Torun’s forces didn’t have the advantage of high ground, or that of tighter tunnels, but this fight was now at least fair. It was essentially thirty against thirty, sword against sword, nonbender against nonbender, and though it was the exact fight Torun had sought, and the exact right way to fight this battle, Torun couldn’t place exactly why that all felt so wrong.
Maybe something Yaosen had said?
A man on the frontline took a sword across his brow. His helmet saved his life, but the blood that poured into his eyes was blinding him, and he was slashing wildly without realizing that he was pressing too far forward, causing a gap in the lines.

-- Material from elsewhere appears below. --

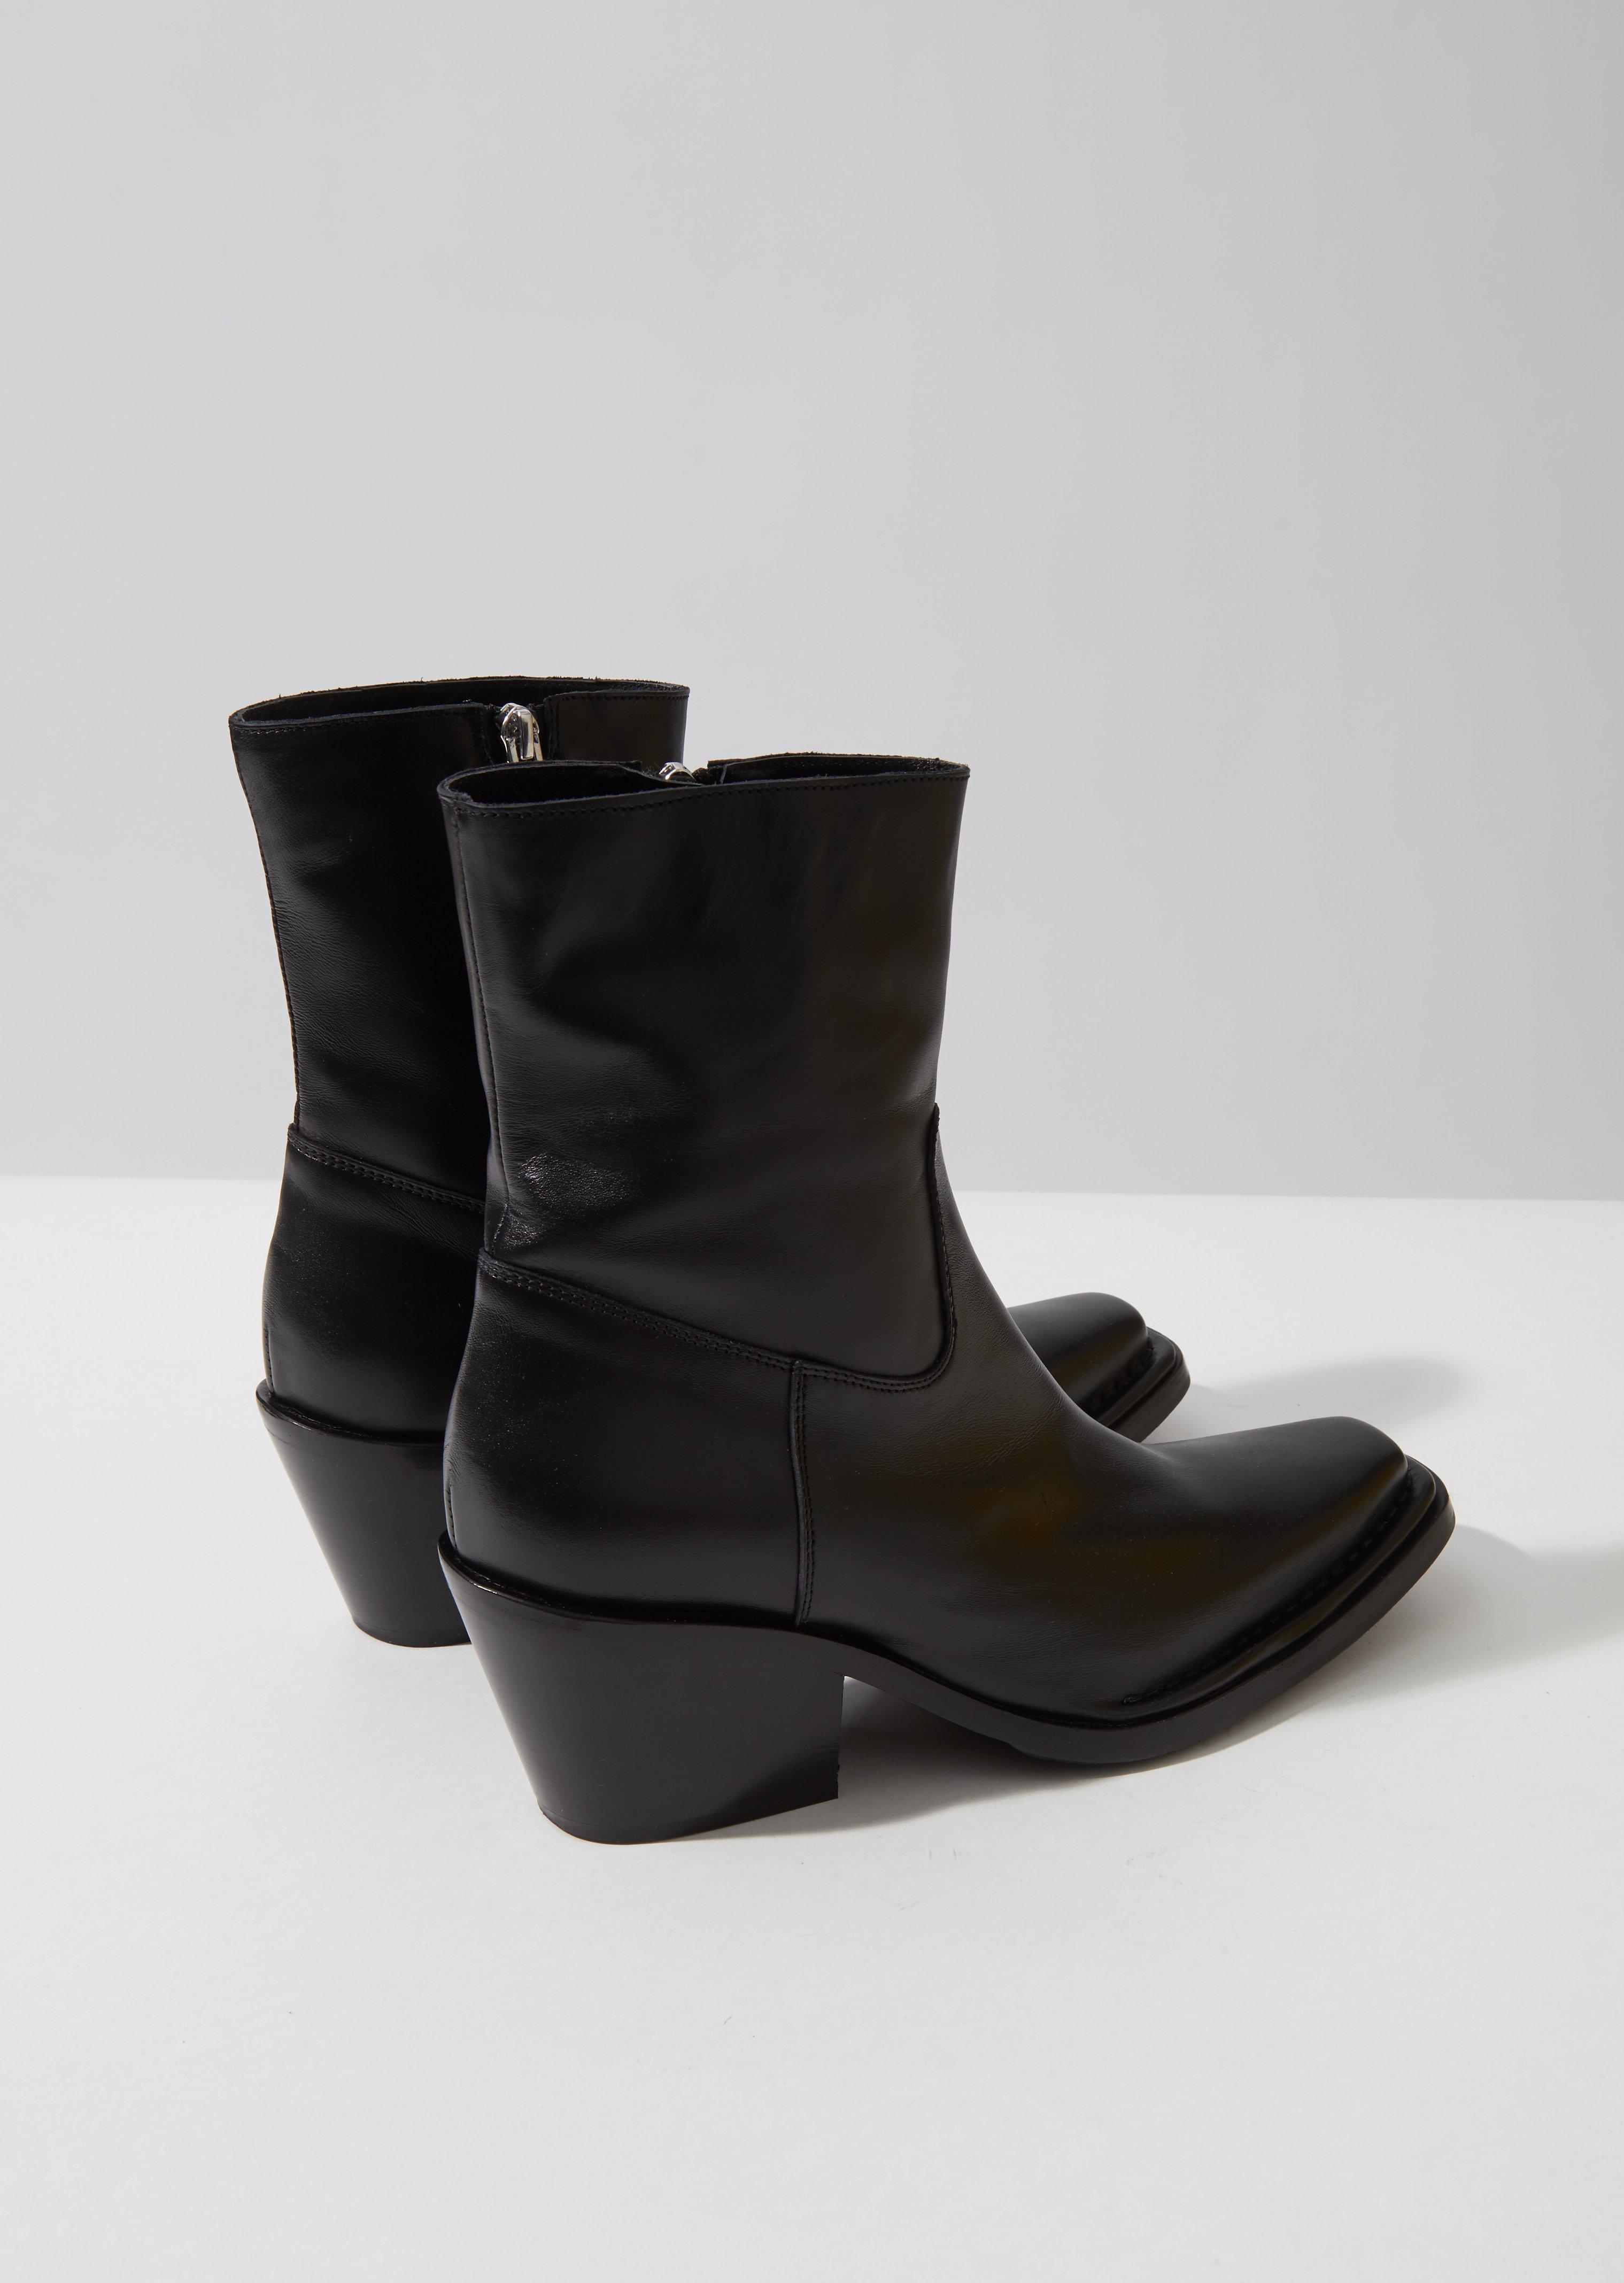 Acne Studios Leather Bruna Boots in Black - Lyst

Torun pressed through the bodies and thrust one man, a boy really, into the gap even as he pulled the injured man back. The injured man was so battle-crazed he took a swipe at Torun. Torun caught the man’s arm and twisted the sword from his grip before saying, “Get to the back of the line and get cleaned up.”
The man growled something in response but it came out blubbery as blood filled his mouth.
Torun didn’t care what the man had to say just now, but he replied, “You’re done for the day unless-”
The air punched from Torun’s lungs, searing heat lodged in his chest. He realized he had been knocked to the ground and tried to stand. He had to get back to the line, he had to keep them organized or… or…
Torun didn’t know what else. He slipped back to the ground, unable to get his legs under him, unable to catch his breath. His hands went to his breastplate as he realized he was sticky and wet. Blood filled his armor, poured out the sides and bottom and neck, gushing up from the smoking hole in the center of his chest where the metal bullet had punched straight through.